As metric space is stronger than Topological space $\implies$ every metric can induce a topology i.e. every metric space is a topological space but not vice versa.There are many topological spaces that are not metrizable not first countable.First countablity and the existence of a metric are properties that a topological space may or may not possess.

My question is where uniform space fits in i.e. if it is at all comparable to those two.I thought it could be because it has the notion of open sets in it.Can we say metric $\implies$ uniform but not vice versa or something like this?
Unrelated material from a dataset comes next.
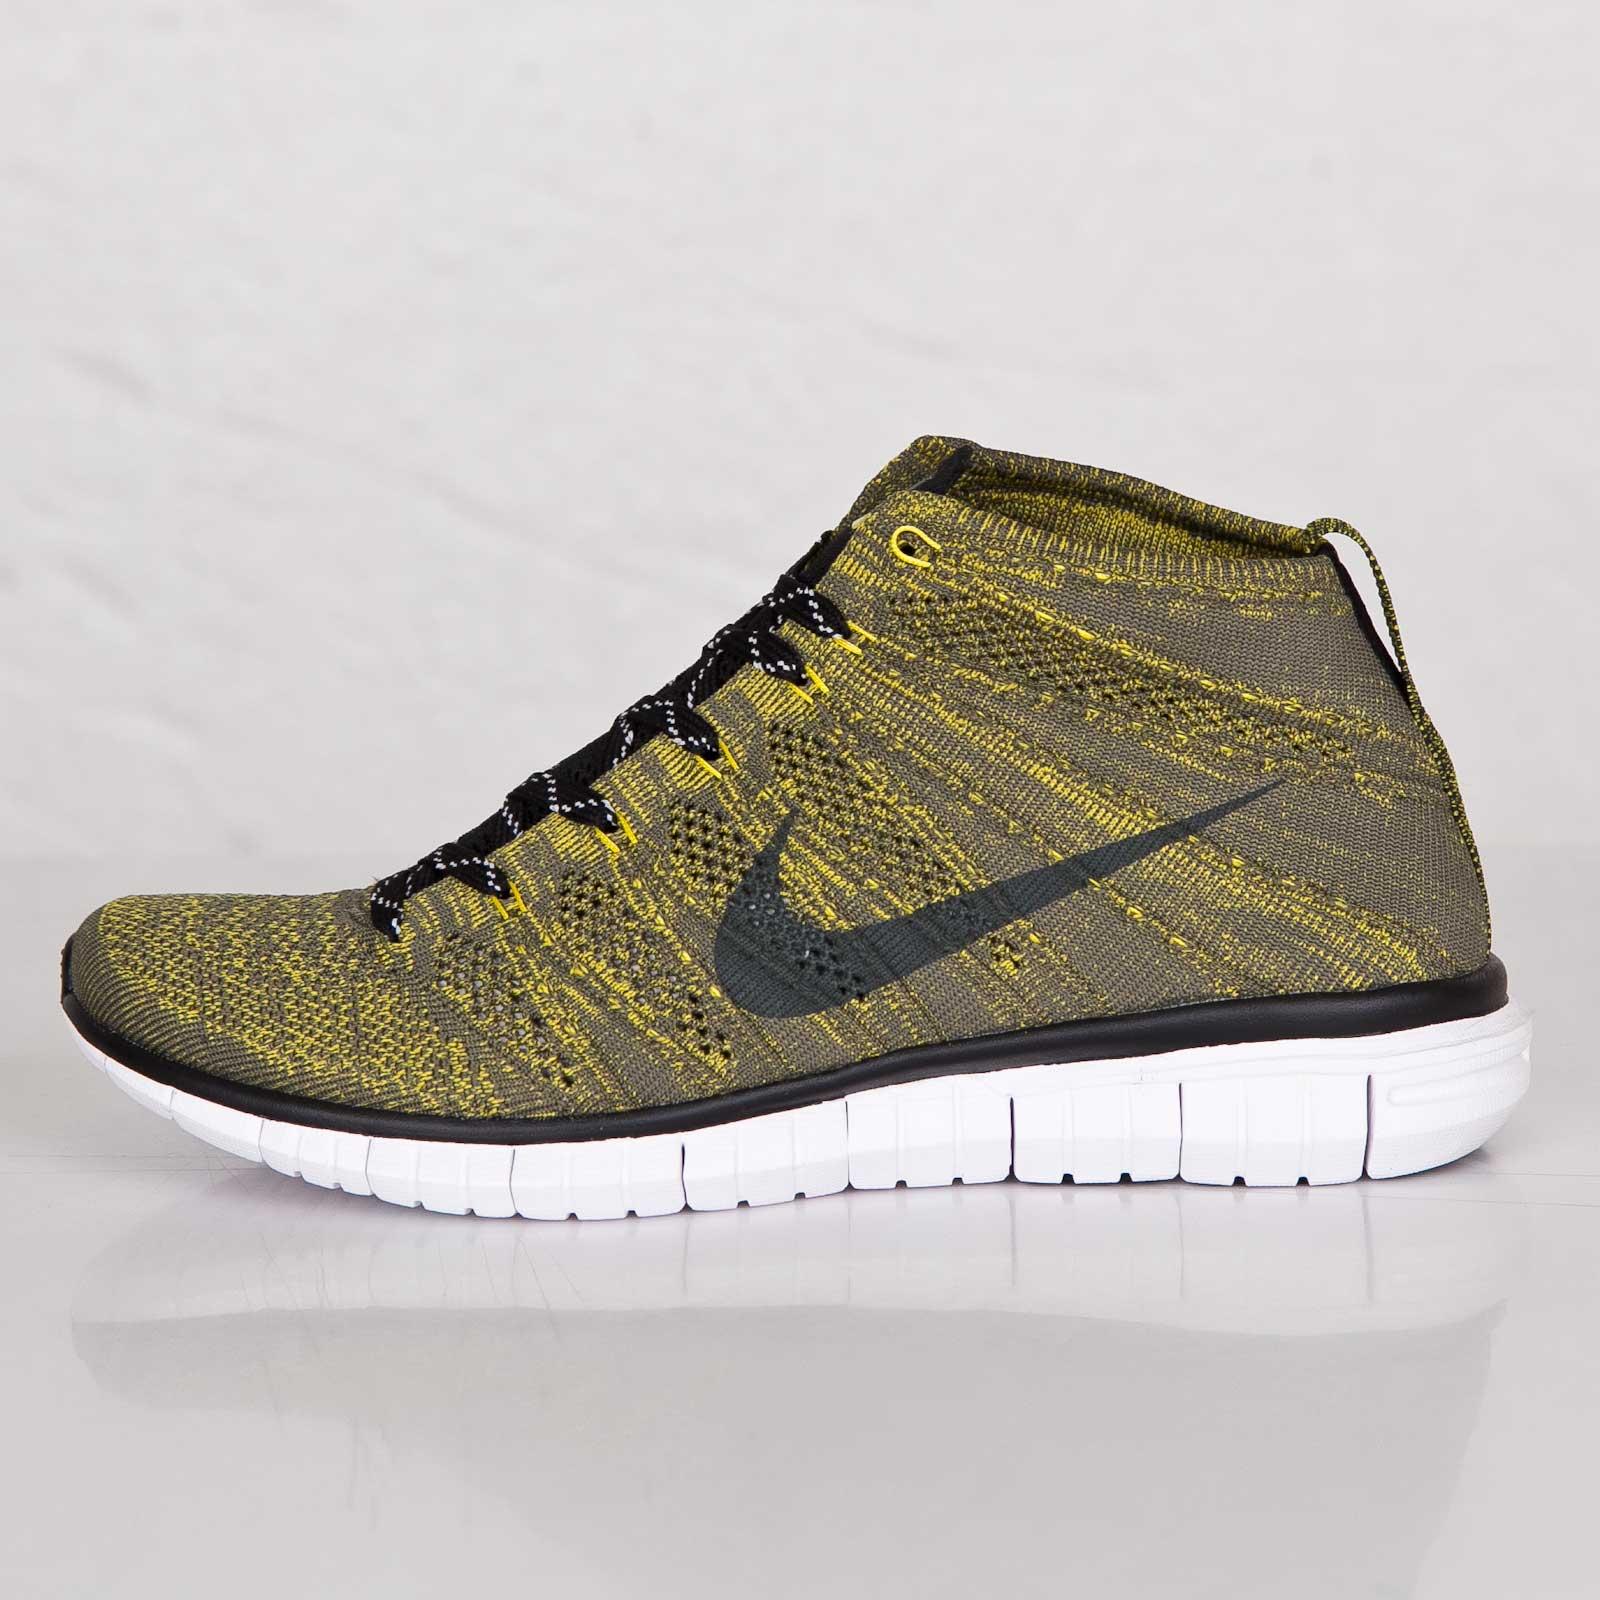 new concept 7d762 6dbde Nike Free Flyknit Chukka - 639700-300 - Sneakersnstuff   sneakers    streetwear online since 1999

If we take a metric space $(X,d)$ and look at the product $X\times X$ can we provide a valid entourage here?If $\Phi$ is the entourage then it contains $\Delta=\{(x,x):x\in X\}$ i.e all open balls of the form $U\times U$ where $U$ is an open ball of $(X,d).$Now if that is not all we have in $\Phi$,say $U\times V\in \Phi$ s.t $U\neq V$ then how can $U\times V$ contain $\Delta$? But then if all we have is $U\times V$ in $\Phi$ then we cannot satisfy the second criterion of the definition. So it's not working out. That is we cannot say every metric space is uniform.

So at least uniform is weaker than metric.But how can we prove that every uniform space is metric space? What would be the $d$ here? Some hints please. Thank you.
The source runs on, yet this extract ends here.